### Exercise brief
Return each line of the listing in which the word "only" appears.

### Data to use

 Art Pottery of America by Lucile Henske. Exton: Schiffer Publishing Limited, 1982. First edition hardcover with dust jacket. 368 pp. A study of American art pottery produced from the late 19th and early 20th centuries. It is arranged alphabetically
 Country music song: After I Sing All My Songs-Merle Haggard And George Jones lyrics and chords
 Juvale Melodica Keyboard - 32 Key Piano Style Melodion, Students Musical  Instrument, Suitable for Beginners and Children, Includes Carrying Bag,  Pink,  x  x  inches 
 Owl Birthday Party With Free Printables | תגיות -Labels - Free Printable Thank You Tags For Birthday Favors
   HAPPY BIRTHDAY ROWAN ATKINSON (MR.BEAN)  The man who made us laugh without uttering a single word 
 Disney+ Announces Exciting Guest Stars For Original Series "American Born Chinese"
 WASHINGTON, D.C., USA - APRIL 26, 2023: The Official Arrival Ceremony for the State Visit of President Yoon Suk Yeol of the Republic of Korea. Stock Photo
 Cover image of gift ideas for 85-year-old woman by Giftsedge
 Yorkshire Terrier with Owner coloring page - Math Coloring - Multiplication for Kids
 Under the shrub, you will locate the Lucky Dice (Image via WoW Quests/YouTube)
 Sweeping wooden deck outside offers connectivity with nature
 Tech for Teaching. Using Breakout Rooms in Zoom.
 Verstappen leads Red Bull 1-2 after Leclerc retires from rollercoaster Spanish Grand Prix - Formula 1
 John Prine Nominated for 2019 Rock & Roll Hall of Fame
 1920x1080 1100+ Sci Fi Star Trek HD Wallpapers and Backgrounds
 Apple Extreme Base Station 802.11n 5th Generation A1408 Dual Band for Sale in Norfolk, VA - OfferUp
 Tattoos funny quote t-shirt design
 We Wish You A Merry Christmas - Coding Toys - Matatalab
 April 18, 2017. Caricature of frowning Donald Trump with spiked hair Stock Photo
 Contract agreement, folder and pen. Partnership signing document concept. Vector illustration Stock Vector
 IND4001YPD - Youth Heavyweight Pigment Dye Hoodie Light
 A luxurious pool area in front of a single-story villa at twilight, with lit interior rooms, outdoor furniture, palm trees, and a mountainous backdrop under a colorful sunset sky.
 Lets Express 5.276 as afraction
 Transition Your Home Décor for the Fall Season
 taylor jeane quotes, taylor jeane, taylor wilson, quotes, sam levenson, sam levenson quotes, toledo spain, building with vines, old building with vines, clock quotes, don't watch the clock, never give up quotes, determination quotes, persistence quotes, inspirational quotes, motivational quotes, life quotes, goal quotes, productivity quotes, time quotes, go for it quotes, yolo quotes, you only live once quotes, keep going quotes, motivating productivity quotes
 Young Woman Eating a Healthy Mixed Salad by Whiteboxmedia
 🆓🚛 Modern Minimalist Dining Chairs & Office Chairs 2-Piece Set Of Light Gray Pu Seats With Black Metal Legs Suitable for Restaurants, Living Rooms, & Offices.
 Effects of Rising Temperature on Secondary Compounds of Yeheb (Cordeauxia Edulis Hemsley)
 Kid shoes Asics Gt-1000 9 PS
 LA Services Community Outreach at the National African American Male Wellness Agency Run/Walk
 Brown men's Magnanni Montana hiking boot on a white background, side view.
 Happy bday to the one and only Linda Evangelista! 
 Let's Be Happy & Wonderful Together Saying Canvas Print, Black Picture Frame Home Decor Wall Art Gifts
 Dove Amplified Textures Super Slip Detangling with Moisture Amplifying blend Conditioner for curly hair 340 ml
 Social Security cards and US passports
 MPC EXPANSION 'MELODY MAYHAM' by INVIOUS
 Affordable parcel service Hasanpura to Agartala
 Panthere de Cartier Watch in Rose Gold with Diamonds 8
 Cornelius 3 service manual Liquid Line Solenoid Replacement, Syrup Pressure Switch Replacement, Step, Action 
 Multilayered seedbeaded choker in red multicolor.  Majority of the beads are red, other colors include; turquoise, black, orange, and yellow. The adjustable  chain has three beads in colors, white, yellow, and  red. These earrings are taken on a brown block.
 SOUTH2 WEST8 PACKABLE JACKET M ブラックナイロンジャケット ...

### Answer below
 taylor jeane quotes, taylor jeane, taylor wilson, quotes, sam levenson, sam levenson quotes, toledo spain, building with vines, old building with vines, clock quotes, don't watch the clock, never give up quotes, determination quotes, persistence quotes, inspirational quotes, motivational quotes, life quotes, goal quotes, productivity quotes, time quotes, go for it quotes, yolo quotes, you only live once quotes, keep going quotes, motivating productivity quotes
 Happy bday to the one and only Linda Evangelista! 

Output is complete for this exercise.